The following article was published in the Law Institute Journal in November 2006.
The Victorian Government has swiftly implemented many of the Victorian Law Reform Commission’s (VLRC) recommendations for changes to the law to protect victims of sexual assault.
In August 2004, the VLRC launched its final report on sexual offences law and procedure, making 201 recommendations for change (see LIJ, October 2004).
The Commission’s recommendations intended to make it easier for complainants to give evidence in sexual offences trials. It has also recommended significant changes to directions given by judges to juries and changes to the legal requirement for proof in relation to the state of mind of the accused in rape cases.
The Victorian Attorney-General applauded the VLRC’s recommendations and the government has committed itself to a three-stage process for implementation of the legislative reforms.

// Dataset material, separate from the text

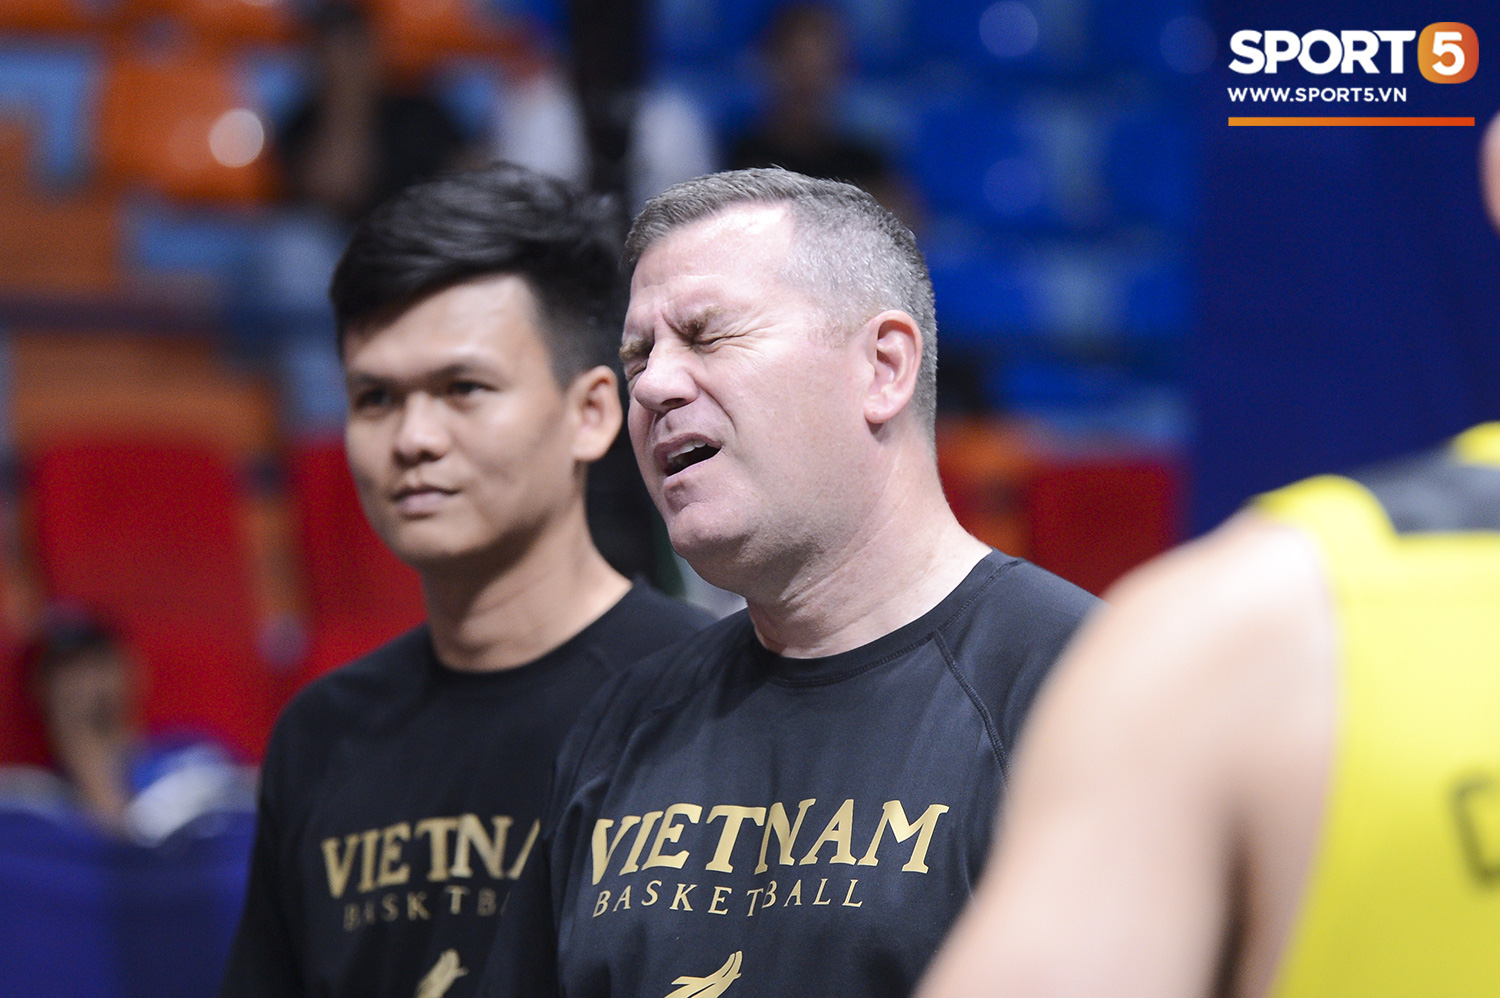 Đội tuyển bóng rổ 3x3 Việt Nam lao vào tập luyện buổi duy nhất sau chuyến bay cực hình tới Philippines - Ảnh 5.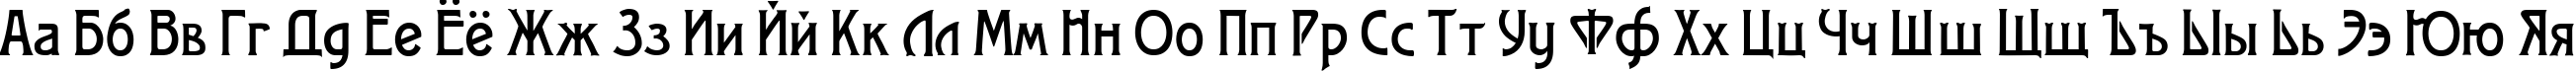 Пример написания русского алфавита шрифтом Modernist One

Making it easier to give evidence
The VLRC recommended that all complainants in sexual offences trials have the right to give evidence remotely from the courtroom via closed-circuit television (CCTV), or within the courtroom with the use of screens to remove the accused from their direct line of vision.
The Crimes (Sexual Offences) Act 2005 creates a presumption that all children and people with a cognitive impairment give evidence via CCTV. These arrangements must be used, unless complainants are aware of their right but wish to give direct testimony.
Under the Crimes (Sexual Offences) (Further Amendment) Act 2006, these arrangements are extended to all complainants, creating a presumption that evidence will always be given in this manner. The onus is on the prosecution to apply for evidence to be given in the courtroom. All complainants will also have the right to have someone beside them when they give evidence, whether inside or outside the courtroom.
The hearsay evidence of children under 17 is now admissible in sexual offences cases. However, confidential communications between counsellors and their clients is no longer admissible, unless the court grants leave. It is also now prohibited to cross-examine complainants about any prior sexual experience or activity (whether consensual or non-consensual), unless the court determines that this evidence is of substantial relevance.
A new category of ‘protected witness’ has been created, including complainants and other members of their extended families. The accused is prohibited from cross-examining a protected witness. If the accused is not legally represented, and refuses to obtain representation, the court must order Victoria Legal Aid to provide representation.
Warnings to juries
As a result of the earlier reforms, judges must warn juries that the fact that a person did not do or say anything to indicate free agreement to a sexual act is normally enough to show that the act took place without that person’s free agreement.
However, research conducted by the VLRC indicated that in some cases, the use of the term ‘normally’ was having an effect contrary to the intention of the earlier reforms and recommended that this jury direction be amended to specifically state: ‘The fact that a person did not say or do anything to indicate free agreement to the particular sexual act at the time that the act occurred is evidence that the act took place without that person’s free agreement.’ This amendment has now been incorporated into the Crimes Act.
It is common for complainants to delay reporting sexual offences, or not to report at all. Since 1991, judges must tell the jury that there may be good reasons why a victim may delay reporting a sexual assault and should not suggest that the credibility of the complainant is in any way affected by a delay. However, in 1996 the High Court decided that this does not prevent a trial judge from warning juries that delay in reporting could affect the credibility of the complainant (known as a Crofts warning). It consequently became possible that juries received contradictory warnings.
Most sexual offences occur in situations where there are no witnesses. Since 1991, judges have been prevented from warning juries against convicting an accused unless the evidence of the complainant was supported by another witness. However, in another decision, the High Court determined that this does not remove the need to advise juries about the effect of delay on the ability of the accused to put forward a defence (known as the Longman warning).
The VLRC found that the intention of the original reforms was being undermined by these common law warnings, with the potential for contradictory directions being given to juries and has recommended that judges’ warnings to juries concerning delay in reporting should be clarified.
Under the recent amendments, judges’ warnings to juries regarding delay in reporting are restricted to situations where the accused has requested such a warning and the judge is satisfied that he has suffered significant forensic disadvantage as a result of the delay.
A report on the implementation of the VLRC’s non-legislative recommendations will appear in this column in a future issue of the Law Institute Journal.